The Iranian government has shown it is unafraid of the world seeing its crackdown on protests, as the Morality Police, more formally known as the Guidance Patrol, is strengthening its tyrannical arrest to now capture famous actors and athletes. Two famous actresses were recently arrested for removing their headscarves in solidarity with Mahsa Amini. Outkick reported that Voria Ghafouri, a former national soccer player, was arrested and charged with “destroying the reputation of the country’s national team” for speaking out against the government. Many believe that the state-run media announces these prominent arrests in order to control and deter the population from further protests. 

“So when people say women, life, and liberty, that’s the political slogan; they want life, not death,” said Naraghi. “They are seeking freedom of speech, freedom of ideas, and, more importantly, freedom to choose the lifestyle of their own choice, so I’m hoping that the U.S. and other countries all over the world feel this responsibility that this is their job to offer support to these people.”

“Women started this wave of protest, but everyone else joined. Women and men are shoulder-to-shoulder. All of Iran is united,” says Ramyar Hassani, spokesman for the Hengaw Organisation for Human Rights.

Similar to other religions with fundamentalist beliefs, such as fundamentalist Christians or Jusiasts, Islam fundamentalists often resort to violence to further control the population.  

“Fundamentalism is a reaction to modernity, and when it goes beyond theology and becomes politicized, fundamentalists intend to shape the society according to their own ideology,” said Naraghi, “And when the society resists, they resort to violence to impose their ideology and their choice of lifestyle.”

The oppressive behavior of the government has encouraged countless Iranian women and protestors worldwide to cut their hair. Some women say it is a way to mourn family and friends who died in the demonstrations, while others say it protests against the restrictions that forbidding Iranian women from showing their hair. 

CNN reported on countless Iranian women who shaved their heads, including 36-year-old Faezeh Afshan, who was filmed shaving off her hair while living in Italy. 

“We want to show them that we don’t care about their standards, their definition of beauty, or what they think that we should look like. It is to show that we are angry,” she said. 

Naraghi remarked how the U.S. had not done much to help Iranians in the current or previous movements for political change. 

“I think there’s much the Biden administration can do, and they haven’t done much yet.
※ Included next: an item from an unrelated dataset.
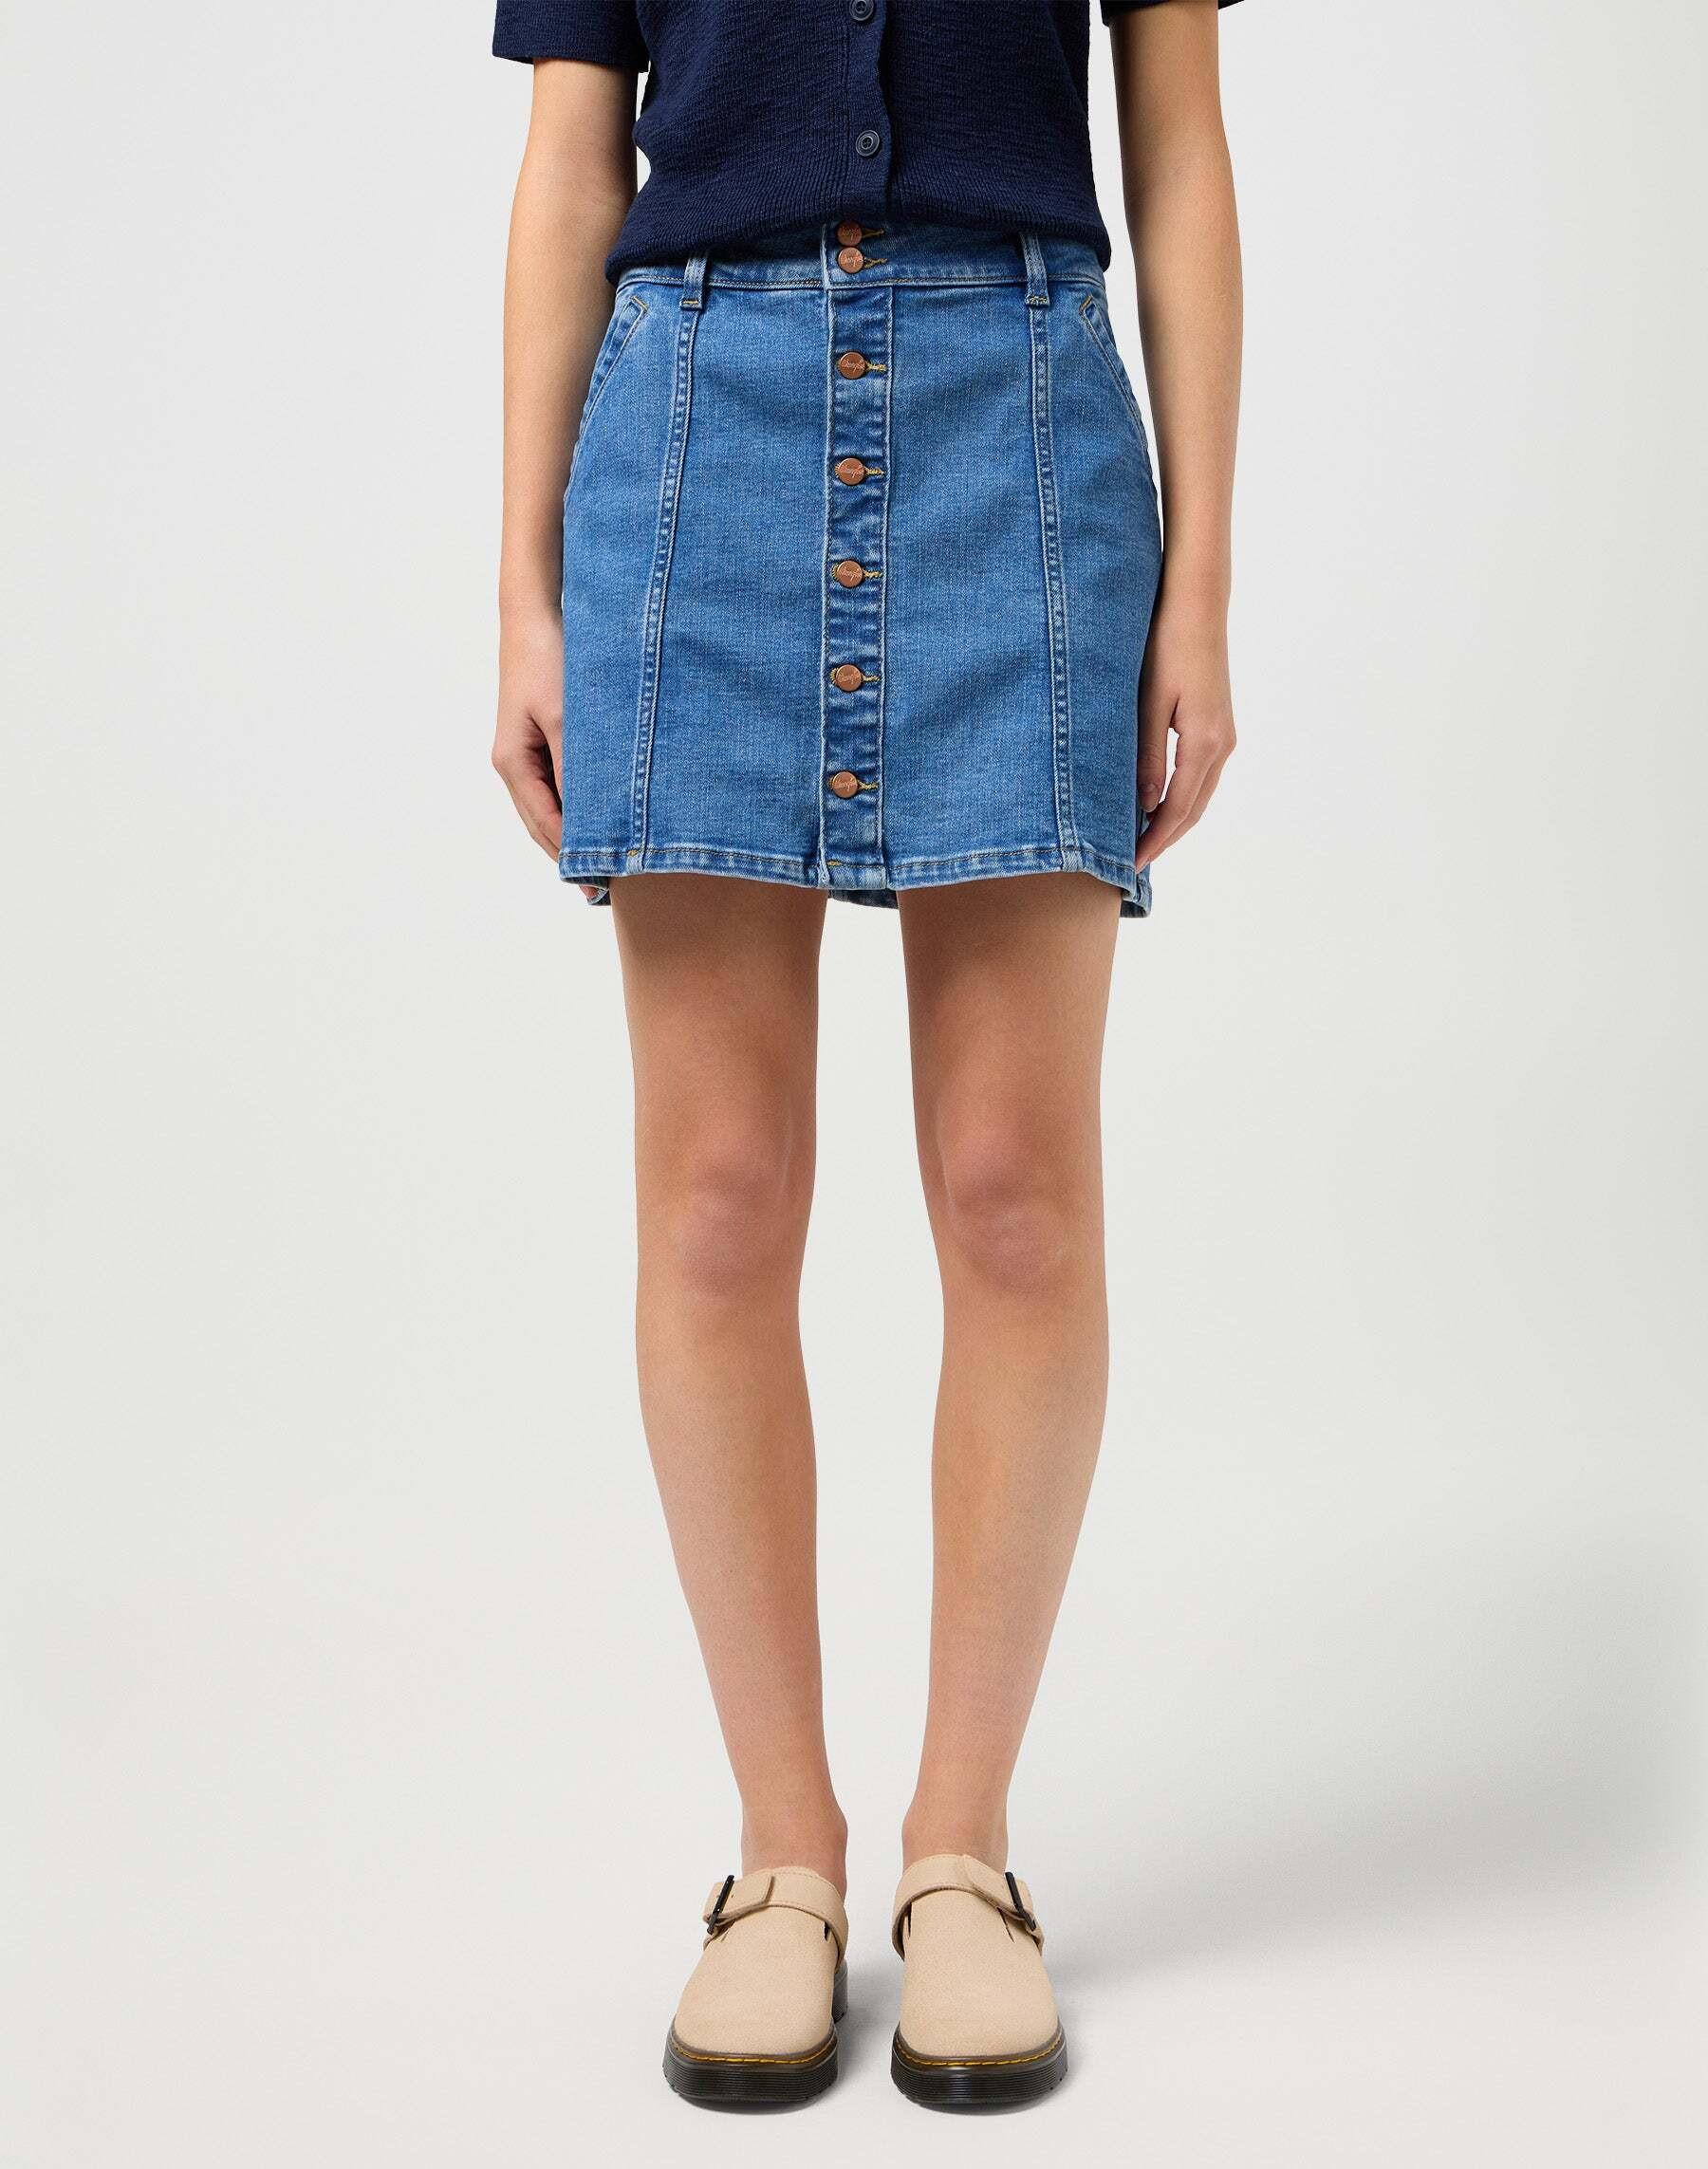 Röcke Denim Mini Skirt Damen Blau M von Wrangler

And I hope they move in that direction,” said Naraghi. 

International human rights groups are currently criticizing the Guidance Patrol and the Iranian government for their violations against minority rights, but there has been little reaction in making global policy. 

“President Obama, unfortunately, didn’t do much to help the cause [the Green Movement]. And recently, Obama said, this is one of the regrets of my presidency. . . . And I hope President Biden does not feel the same regret in years to come,” said Naraghi.

Naraghi noted that people could contact their representatives to bring awareness to the situation and ask for Iranian assistance or to provide moral support. The U.N. has recently announced it will investigate the regime’s crimes against women and minorities, with many human rights groups publicly supporting Iranian women. 

Those interested in donating can look into United for Iran or The Iranian American Women Foundation, which offers support and financial aid to Iranian women.